Health Checks
Daily
- Are the OS and system hardware functioning OK (SAN/RAID, CPU, Network, RAM)?
- Is the database up? Was it down for any reason in the last 24 hours?
- Can client apps connect to the database?
- When was the last RMAN incremental backup run and what were the results?
- Are there any database errors that you need to know about?
- Alert Log
SQL To determine Alert Log location:SELECT value FROM v$diag_info WHERE name='Diag Trace';
Common Path:alias alog='tail -f /u01/app/oracle/diag/rdbms/mydb/mydb/trace/alert_mydb.log'
%ORACLE_BASE%\diag\rdbms\{DBNAME}\{DBNAME}\trace\alert_{DBNAME}.log
- Listener Log
To determine location:Common Path:OS> lsnrctl status
%ORACLE_BASE%\diag\tnslsnr\{DBNAME}\listener\trace\listener.log
- Alert Log
- Is there ample disk space for the datafiles, archive logs, export files and RMAN files?
- Did the daily scheduled jobs run OK?
- Review any security provided monitoring reports for inappropriate changes (Tripwire etc.).

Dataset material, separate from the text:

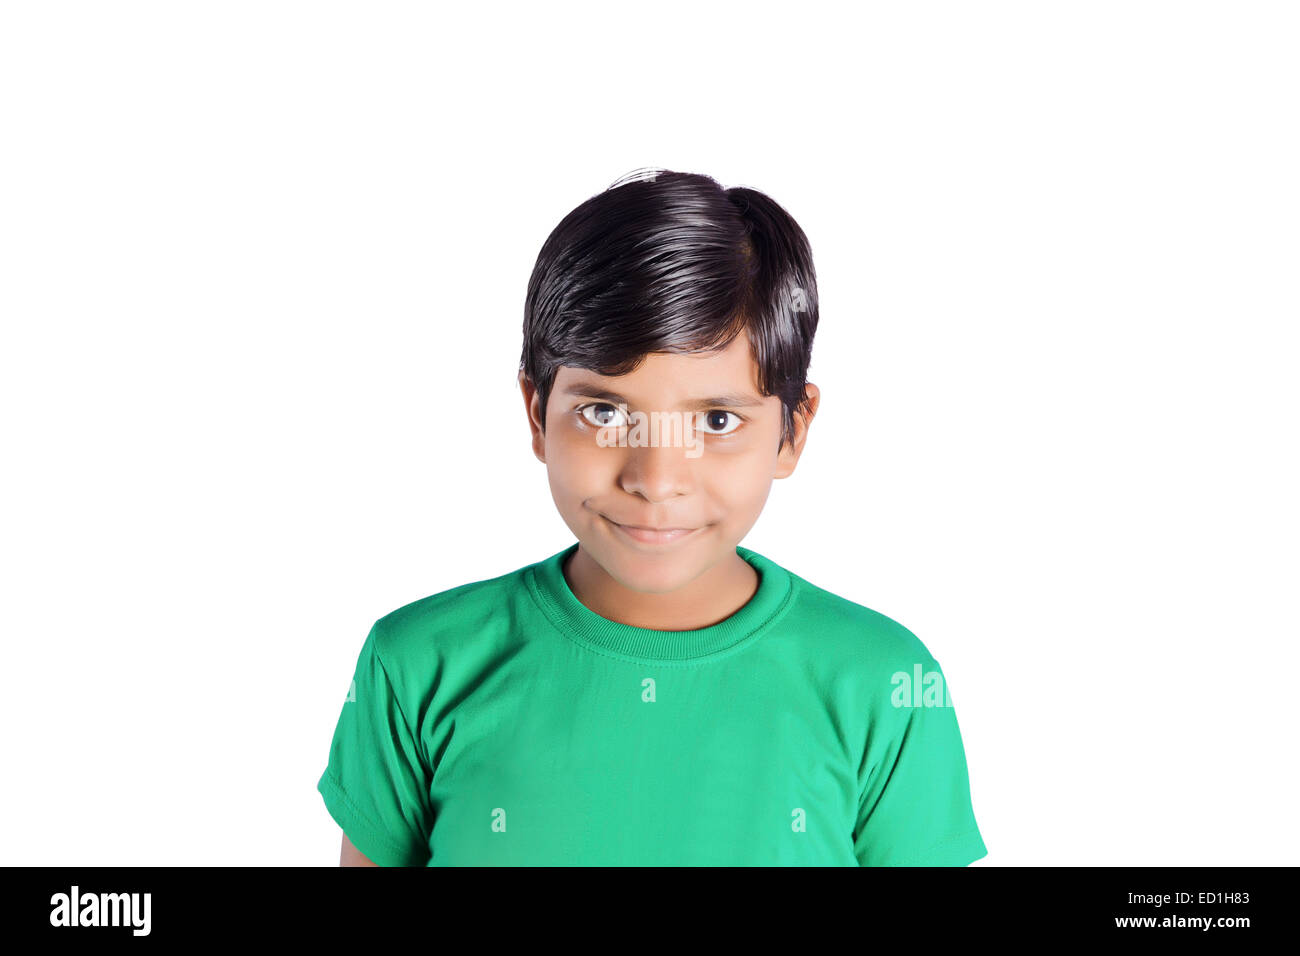 1 indian child boy pose Stock Photo

IMPORTANT: Never open a live listener log file from an editor!
Use tail -f or copy it first and view the copy.
Weekly
- When was the last RMAN full backup run and what were the results?
- When was the last RMAN database validation run and what were the results?
- When was the last full database export and what were the results?
- How often are redo log switches occurring?
- Are the number of connections increasing? If so by how much?
- Are all the blocks in your datafiles OK (not just the ones with data)?
- Is any partition maintenance required (extending ranges etc.)?
- Does any of your documentation need to be updated?
- Did the weekly scheduled jobs run OK?
Monthly
- Are all your database patches up-to-date?
- Are your indexes OK or do they need to be rebuilt?
- Which tablespaces are growing, and by how much?
- Is the size of any schema increasing? If so by how much?
- Is your SGA and PGA usage increasing? If so by how much?
- What SQL is being run most often and can it be made more efficient?
- Is there a significant increase in DML (INSERTS, UPDATES and DELETES)?
- Are the segments in your tablespaces OK or do they need to be optimized?
- Can the maintenance of any the databases be simplified?
- Did the monthly scheduled jobs run OK?
Appendix: Using SQL to Check Alert Log (11g and later)
SELECT inst_id, originating_timestamp, message_text FROM TABLE(gv$(cursor(SELECT inst_id, originating_timestamp, message_text FROM v$diag_alert_ext WHERE originating_timestamp > (sysdate - 1) AND message_text LIKE '%ORA-%'))) ORDER BY inst_id, originating_timestamp;